This recipe comes from nowhere in particular as it is a standard vegetable broth recipe–use the one below, or simply google search “vegetable broth” and you’ll find dozens of variations of this basic broth. The vegetables used–carrots, celery, asparagus ends, onion–are what I had handy, but other vegetables can be substituted too.
* 5 sprigs fresh Rosemary
* 5 sprigs fresh Thyme
* 1 teaspoon parsley, finely chopped
* 5 cups water
* salt & pepper, to taste
* Mixture of Vegetables: woody ends of asparagus, 2 carrots, 2 celery stalks, 1 onion, chopped
1.) Begin by filling a large pot with 5 cups water. Prep herbs: finely chop parsley, de-stem thyme leaves from stalk, and separate rosemary leaves from stem.
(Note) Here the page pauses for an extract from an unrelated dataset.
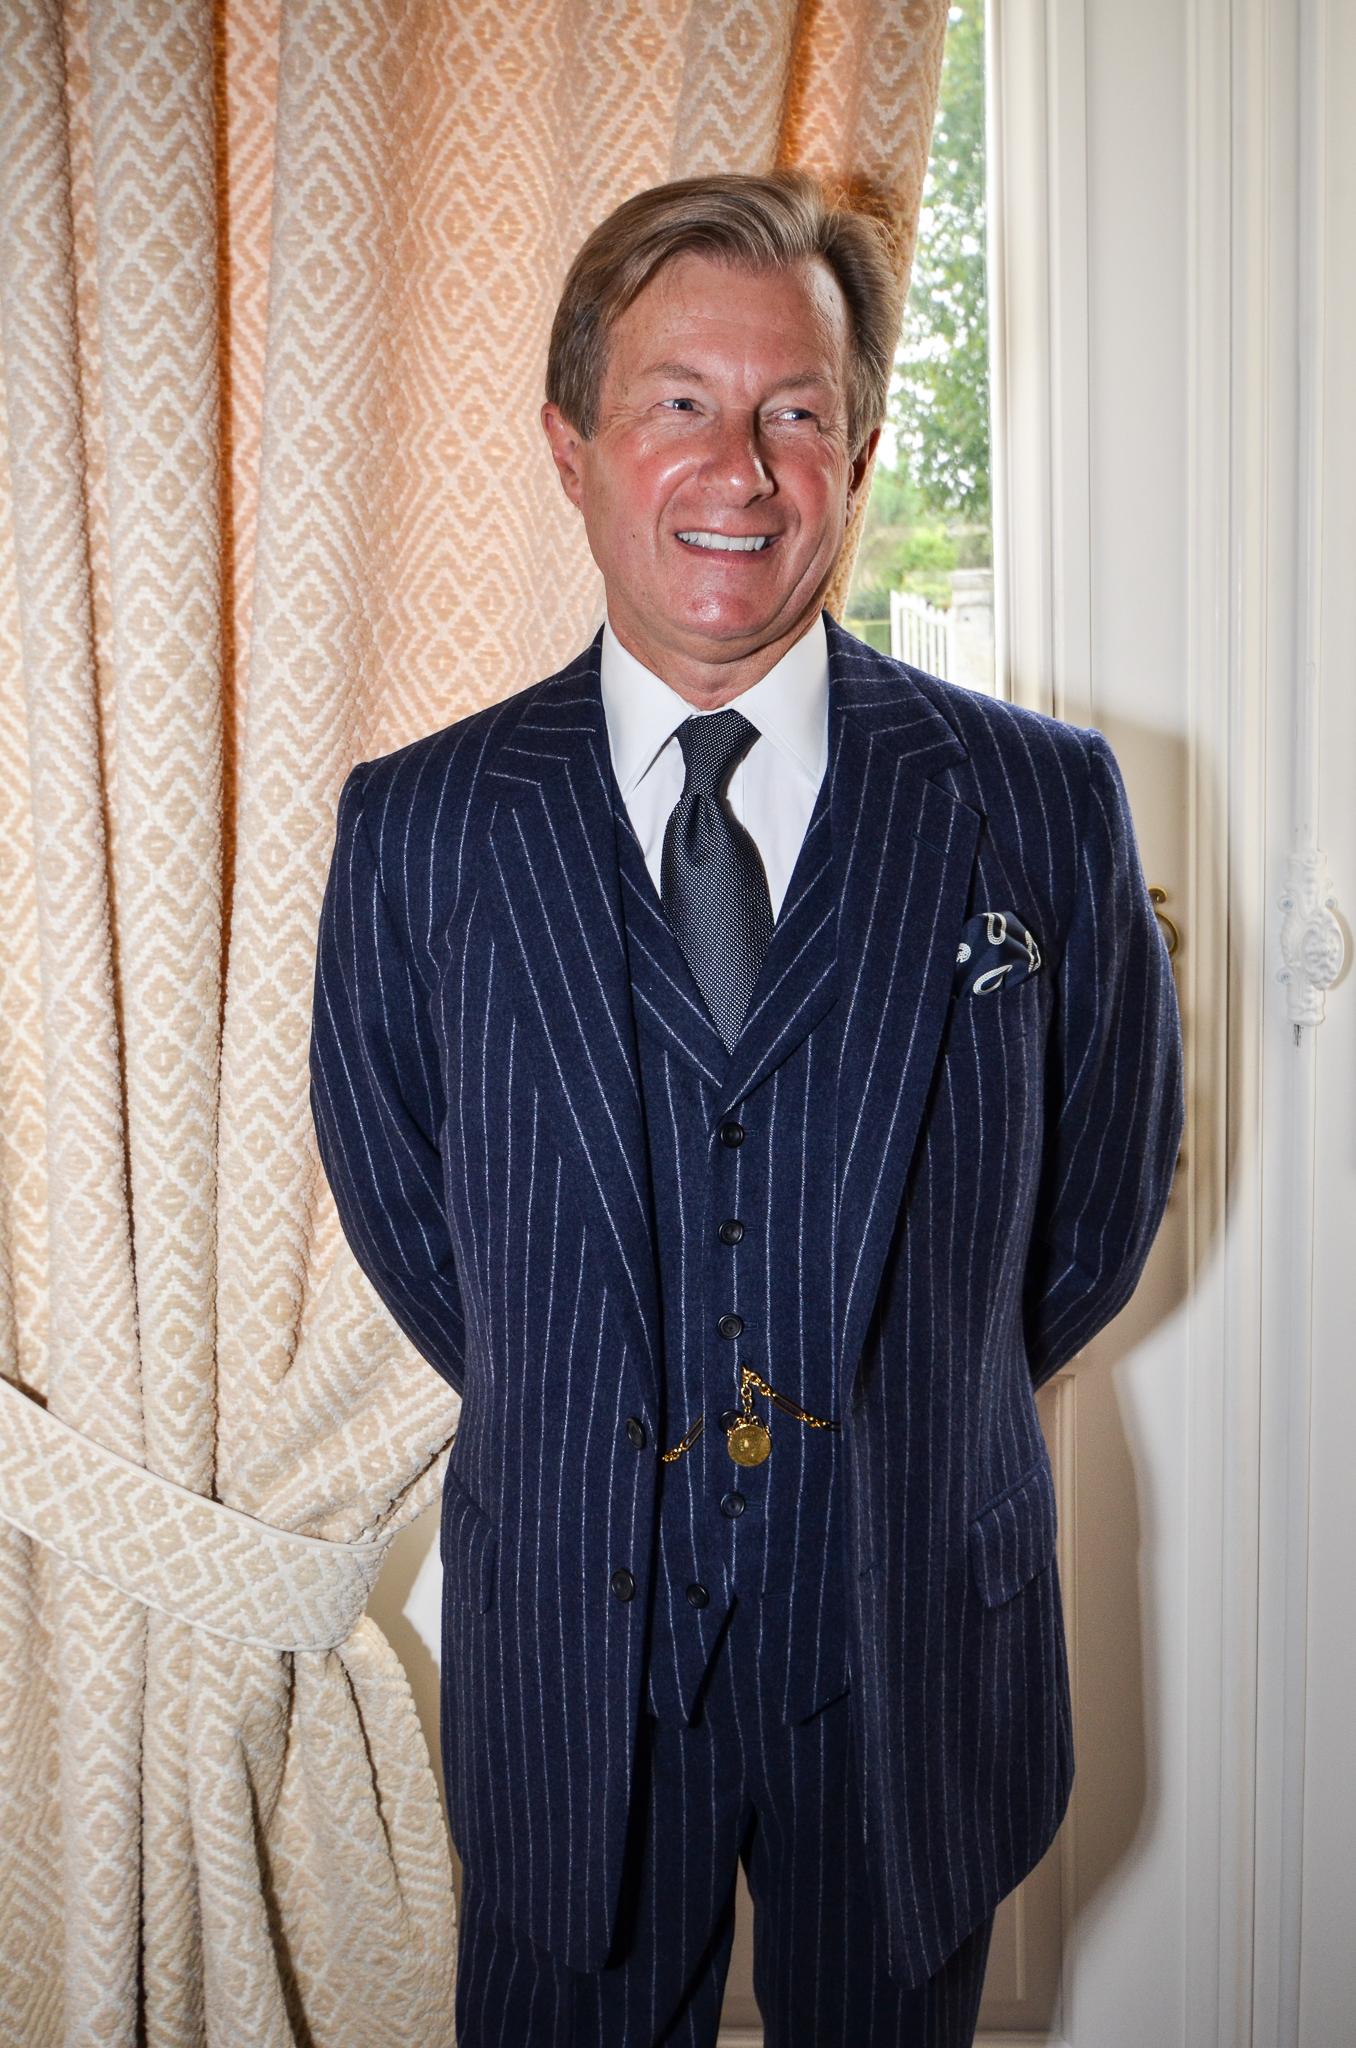 Garments-25-3-Piece-Blue-Chalk-Stripe-Suit-0562.jpg

Add to water with salt & pepper (I usually add around 1 tablespoon salt and 1-2 tablespoons pepper).
2.) Wash carrots and celery. Peel carrots and chop. Chop celery and onions.
3.) Wash Woody Ends of Asparagus and cut in half.
4.)Add to pot.
5.) Bring water to a boil and reduce to a simmer. Allow to simmer for 1-2 hours, or until broth has reduced in half. Stir occassionally.
6.) When broth has reduced in half, remove from heat and allow to cool. Strain broth and pour into glass jars. Refrigerate and use accordingly.